Я привык относиться к своему подсознанию снисходительно, как к разжиревшей таксе. Слепое и глухое, оно почти ничего не знает об окружающем. Из всех органов чувств у него одна интуиция. Она доносит ему, что происходит снаружи, но сведения эти приблизительны и недостоверны. На все оно реагирует невпопад и путая. Больше непонятливости меня раздражает его медлительность. С женой оно познакомилось лет через пять, с сыном – года через два, о коте – до сих пор не знает. Зато на смерть отзывается мгновенно, и покойники оказываются в моих снах быстрее, чем в могиле. Видимо, о смерти оно знает больше моего. Оно ведь еще не совсем родилось. Одной ногой, эдакой необутой амебной ложноножкой, оно еще по ту сторону.
Во сне больше всего хлопот доставляют местоимения. Никогда не уверен, что говоришь от первого лица. Когда мы переехали в населенный азиатами городок, мне стали сниться японки в распахнутых кимоно. Для моего простодушного, как пельмени, подсознания репертуар был чересчур эксцентричным, и я решил, что на новом месте мне снятся чужие сны.
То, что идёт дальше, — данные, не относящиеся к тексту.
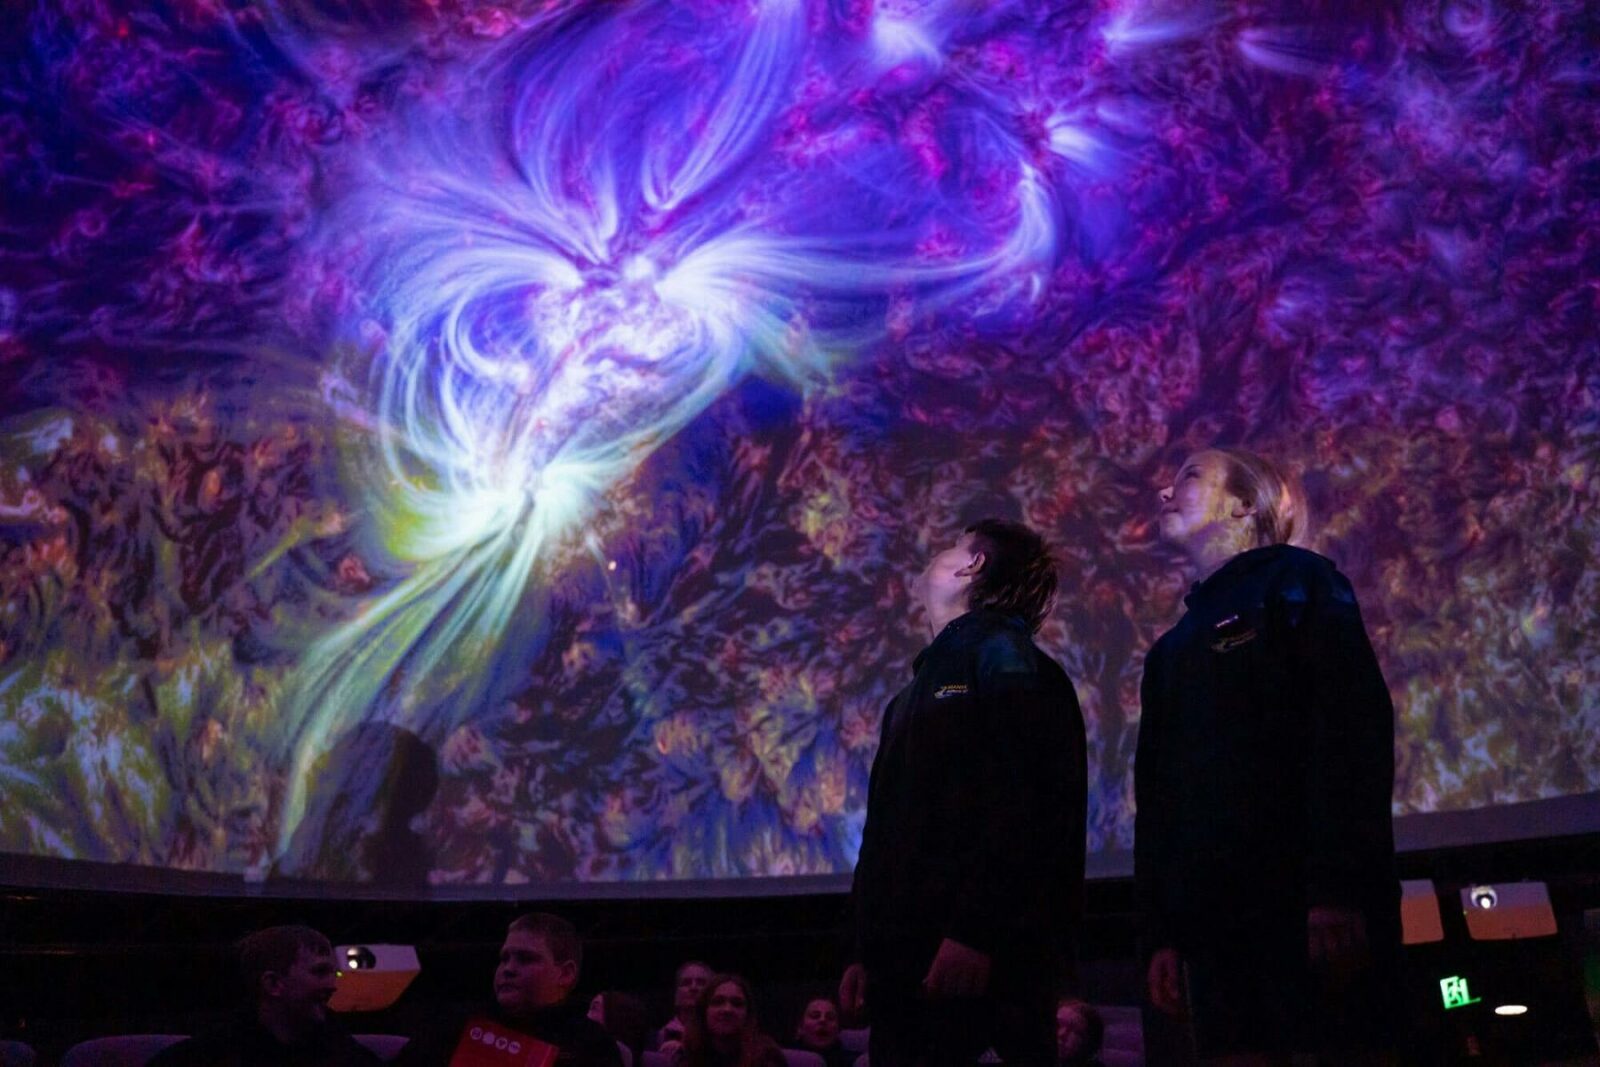 Two people standing in the planetarium during a presentation.

Первый раз бабушка появилась на вокзале. Мы провожали ее в Луганск – она ездила туда к своей маме. Во сне бабушка брела по перрону, становясь все меньше. Тут пошел дождь, и она спряталась под бетонный козырек газетного киоска. Он скрыл ее целиком – ростом бабушка была с двухлетнюю девочку.
Ее маму я немного помню. На ней было платье с блеклыми цветами, и называть ее следовало тоже бабушка – чтобы не подчеркивать возраст. Она родилась в деревне Михайловка, никогда не служила, семью держала в страхе. Обе дочери, сами уже старухи, проводили с ней каждое лето. У нас она не открывала рта – ее озадачивало меню. В их южном краю всегда ели борщ. Его варили из всего, что попадется под руку: мяса, грибов, утки. Борщ никогда не кончался. Он плавно перетекал из одного в другой, даже кастрюля не мылась.
Пока я пишу эти строчки, вокруг скамейки бегает бурундук. День теплый, но осень уже поздняя, и он носится, не обращая на меня внимания. Я для него слишком неповоротлив – и как угроза, и как конкурент. Бурундук живет в другом режиме, опережая меня не только в беге, но и в неподвижности. Это выяснилось, когда весной мы грелись с ним на солнце. Но сейчас дело идет к зиме, и он вкалывает, как персонаж ненаписанной басни. Возле норы желуди кончились, и ему приходится описывать всё более широкие круги. Возвращаясь, он часто встает во весь рост, чтобы узнать окрестности. Став одной из них, я боюсь уйти и лишить его приметы.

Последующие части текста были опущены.